Here is an example of run I did today on HalfCheetah-v4:
[ 0 steps] [training time (ms) += 0 ] [ep reward: -345.233 ]
[ 5000 steps] [training time (ms) += 5324 ] [ep reward: -294.460 ]
[ 10000 steps] [training time (ms) += 4092 ] [ep reward: -373.125 ]
[ 15000 steps] [training time (ms) += 40518 ] [ep reward: -48.540 ]
[ 20000 steps] [training time (ms) += 25724 ] [ep reward: 1844.875 ]
[ 25000 steps] [training time (ms) += 25391 ] [ep reward: 2075.772 ]
[ 30000 steps] [training time (ms) += 26777 ] [ep reward: 3475.885 ]
[ 35000 steps] [training time (ms) += 28484 ] [ep reward: 3386.266 ]
[ 40000 steps] [training time (ms) += 26404 ] [ep reward: 1223.198 ]
[ 45000 steps] [training time (ms) += 25733 ] [ep reward: 2478.572 ]
[ 50000 steps] [training time (ms) += 25467 ] [ep reward: 1755.038 ]
[ 55000 steps] [training time (ms) += 25508 ] [ep reward: 3465.681 ]
[ 60000 steps] [training time (ms) += 25220 ] [ep reward: 3445.830 ]
[ 65000 steps] [training time (ms) += 25258 ] [ep reward: 3554.391 ]
[ 70000 steps] [training time (ms) += 25641 ] [ep reward: 3545.330 ]
[ 75000 steps] [training time (ms) += 25769 ] [ep reward: 3914.521 ]
[ 80000 steps] [training time (ms) += 25483 ] [ep reward: 3647.373 ]
[ 85000 steps] [training time (ms) += 25428 ] [ep reward: 3819.018 ]
...
[ 280000 steps] [training time (ms) += 30184 ] [ep reward: 3863.470 ]
[ 285000 steps] [training time (ms) += 39707 ] [ep reward: 3794.748 ]
[ 290000 steps] [training time (ms) += 38752 ] [ep reward: 3495.448 ]
[ 295000 steps] [training time (ms) += 25772 ] [ep reward: 4094.522 ]
...
[ 605000 steps] [training time (ms) += 25124 ] [ep reward: 4213.886 ]
[ 610000 steps] [training time (ms) += 25106 ] [ep reward: 4163.989 ]
[ 615000 steps] [training time (ms) += 25136 ] [ep reward: 4243.774 ]
[ 620000 steps] [training time (ms) += 25121 ] [ep reward: 4112.370 ]
[ 625000 steps] [training time (ms) += 25096 ] [ep reward: 4061.563 ]
...
[ 710000 steps] [training time (ms) += 25072 ] [ep reward: 4194.871 ]
[ 715000 steps] [training time (ms) += 25058 ] [ep reward: 4050.767 ]
[ 720000 steps] [training time (ms) += 25031 ] [ep reward: 4099.980 ]
[ 725000 steps] [training time (ms) += 25077 ] [ep reward: 3991.280 ]
[ 730000 steps] [training time (ms) += 25092 ] [ep reward: 3816.944 ]
[ 735000 steps] [training time (ms) += 25085 ] [ep reward: 4006.426 ]
In the original paper, on HalfCheetah (not v4 but that shouldn't make a big difference), the reward goes above 6000 after ~600k steps, so it should not be stuck at around 4000 like in my case.
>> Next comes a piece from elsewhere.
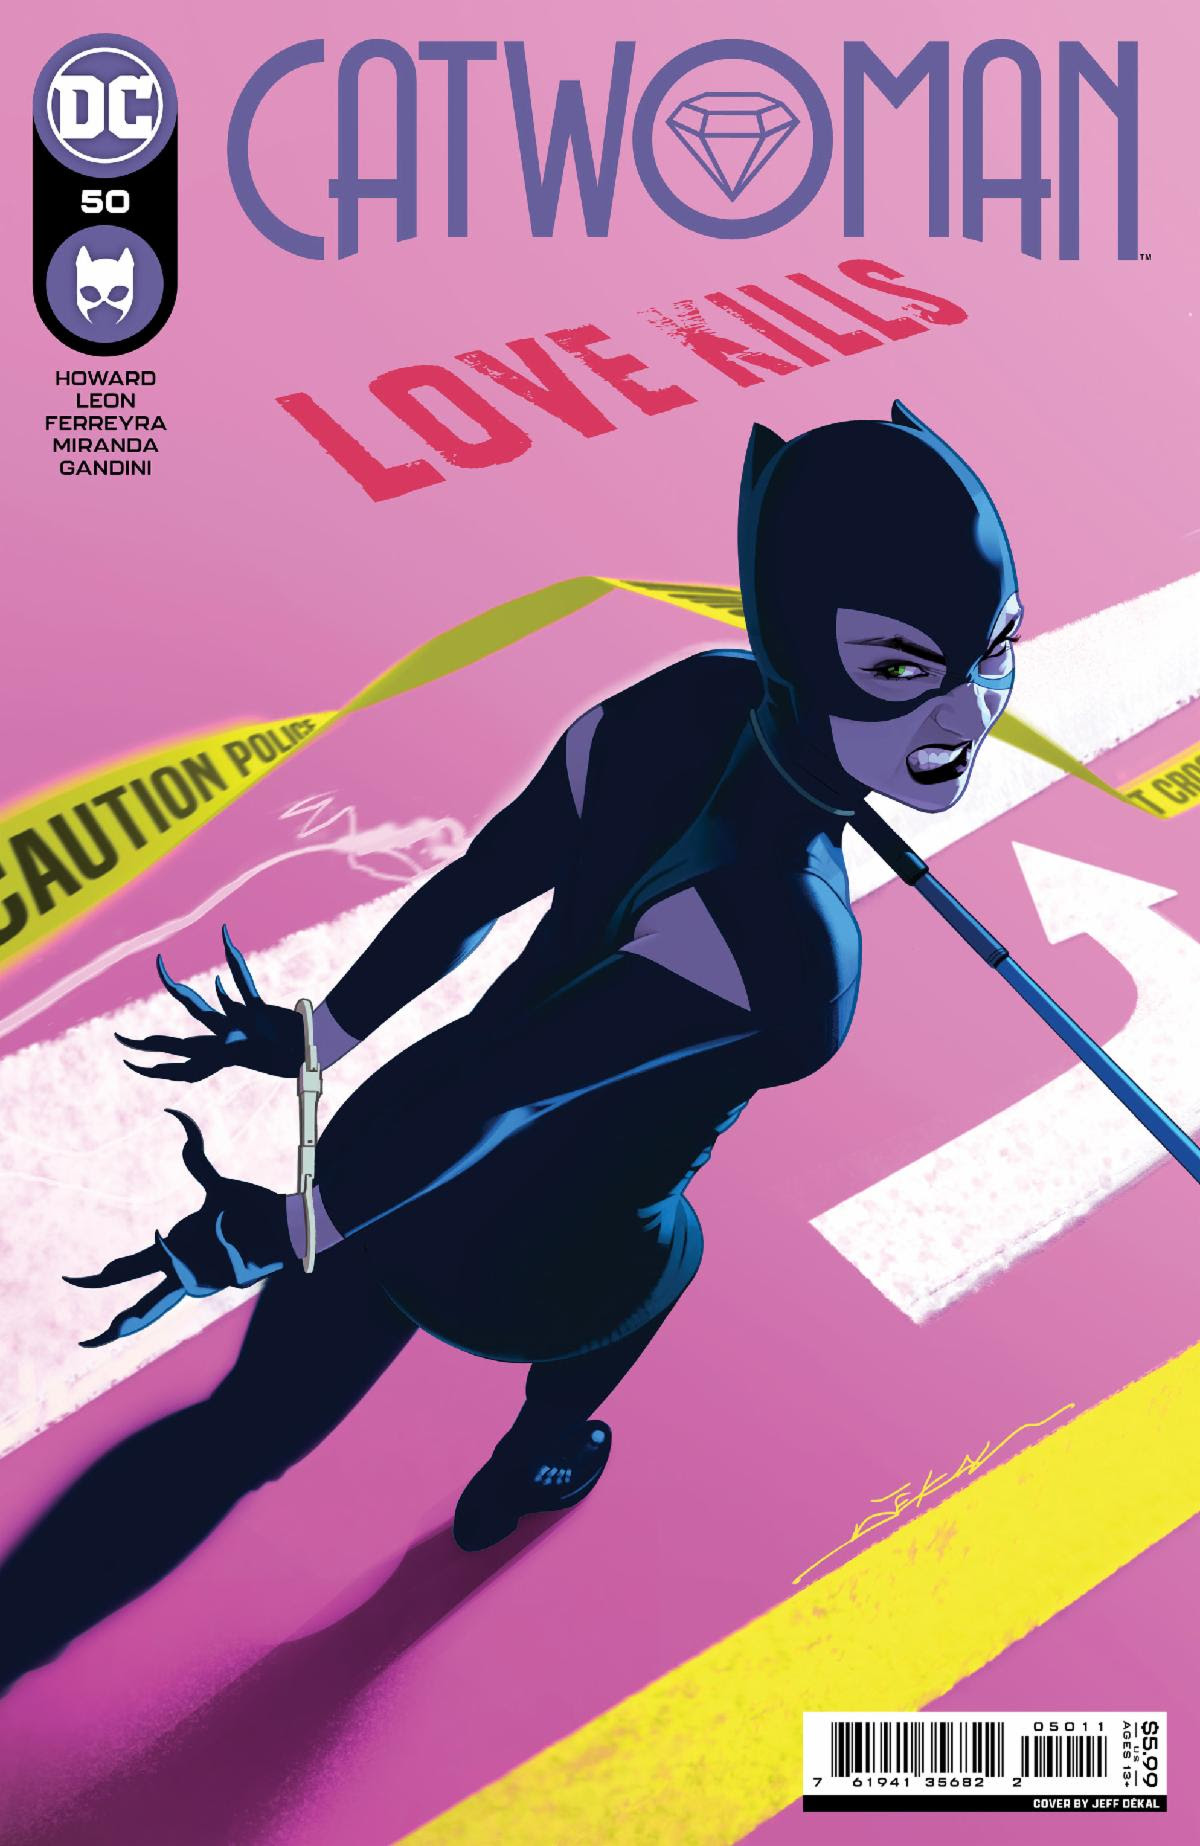 Catwoman #50 Cover A Jeff Dekal (2018)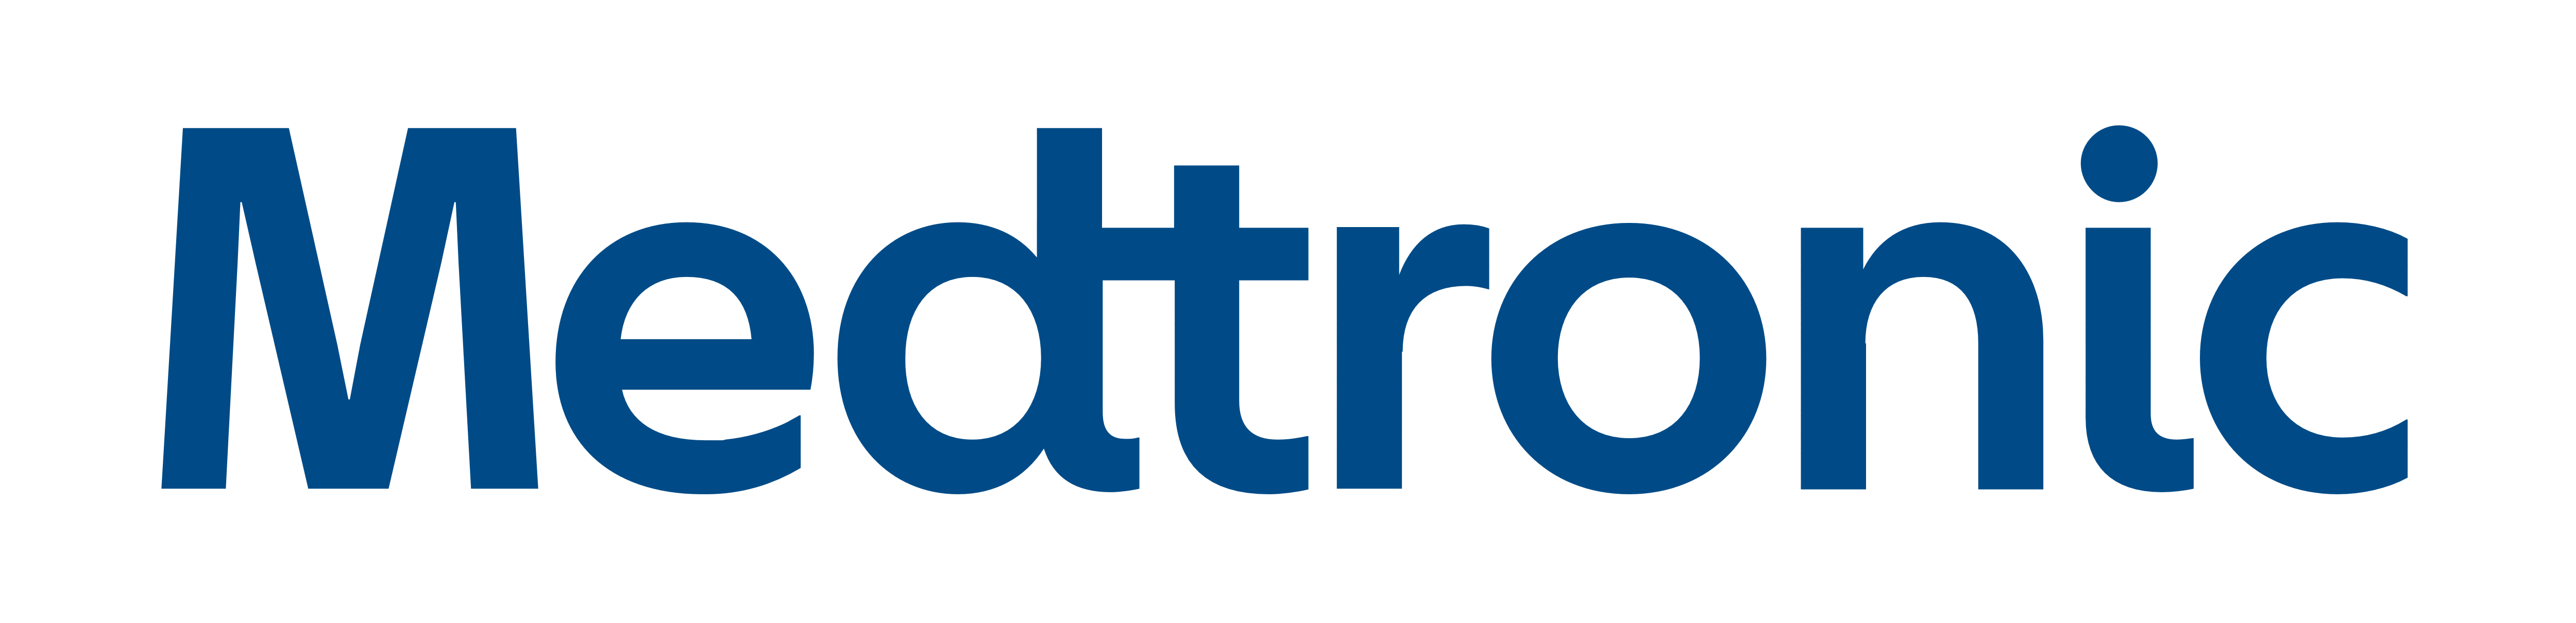 New Medtronic Logo - Customer Spotlight

My implementation does not exactly match the one presented in the paper, so maybe I'll have to remove some of the differences. I'd like results to be at least as good as the original ones.
I also need to write some documentation about setters...
Thanks, it works! I also want to reimplement SDQN but can’t achieve its performance. That’s why I searched for it on Github but there is only little code about SDQN :(
Anyway, thanks again and I will close this issue.